Серое небо придавило верхушки лип у забора, и Саулюс волочит ноги по лужайке двора, хочет бежать, но ползет, как избитый пес, боясь споткнуться; раскачивается земля, колышется, будто узенькая кладка через реку. Тяжелы неторопливые слова матери, ее старческое спокойствие и мудрость, за которыми что-то скрывается.

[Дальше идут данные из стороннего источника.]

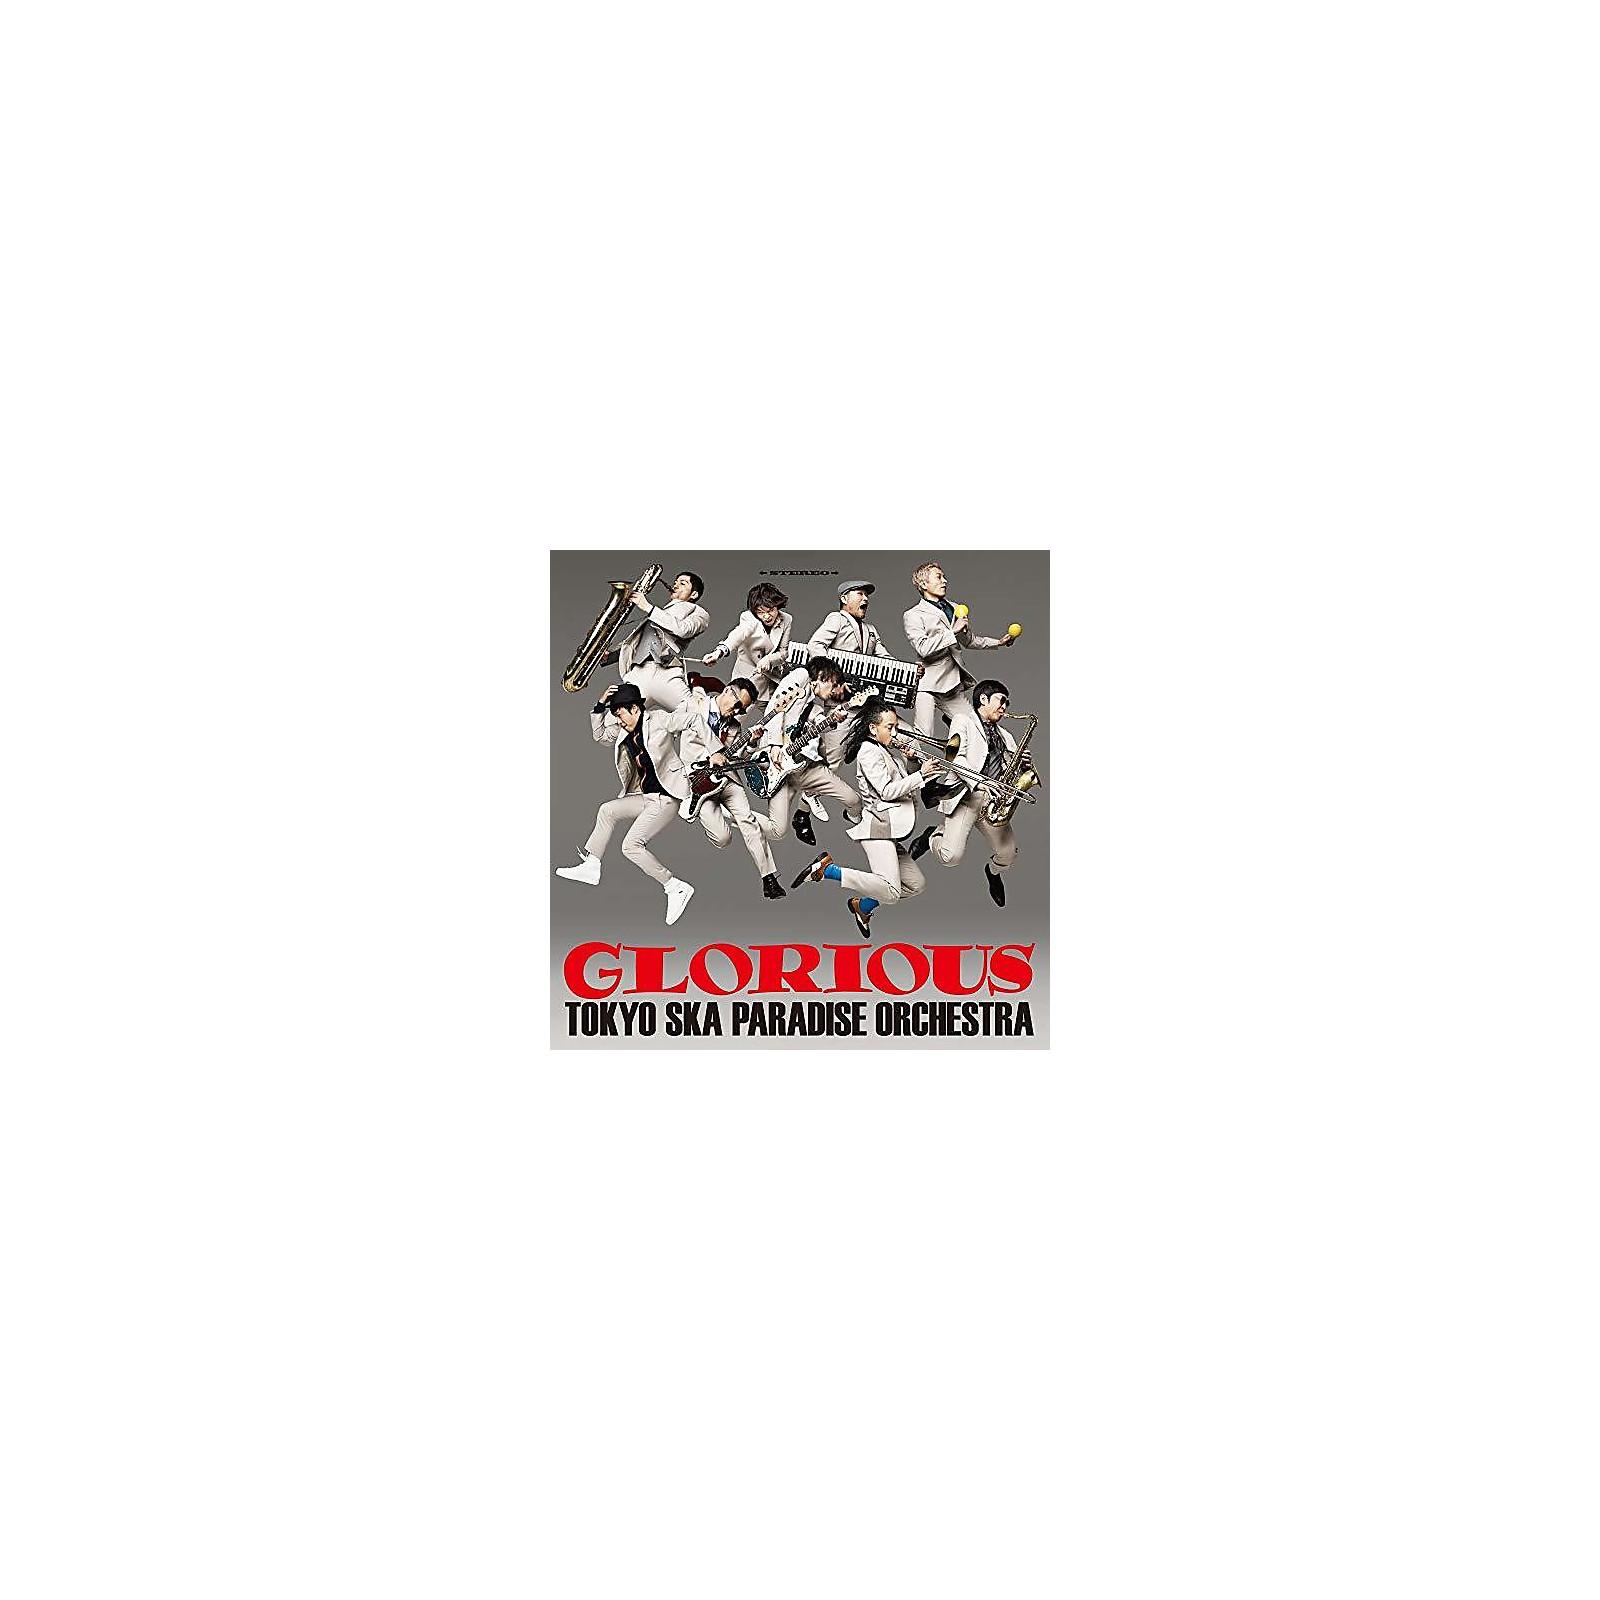 Alliance Tokyo Ska Paradise Orchestra - Glorious

«Хочу что-то вспомнить и никак не могу» — такими странными словами встретила его мать в тот день, когда он впервые привез Дагну на родной хутор. Приехал на какие-то полдня, и, хотя Дагна просила остаться — так ей все здесь понравилось, Саулюс был непреклонен. «Никак не вспомню», — снова сказала мать, пристально вглядываясь в сноху, и эти слова прозвучали зловеще. Саулюс не был суеверен, материнские слова пропустил мимо ушей. Хотел только показать свою жену — через два года после свадьбы: вот она, полюбуйтесь, не думайте, что я такой неудачник, каким меня считали, когда вытурили из дому. Полюбуйтесь и оставайтесь в своей деревне…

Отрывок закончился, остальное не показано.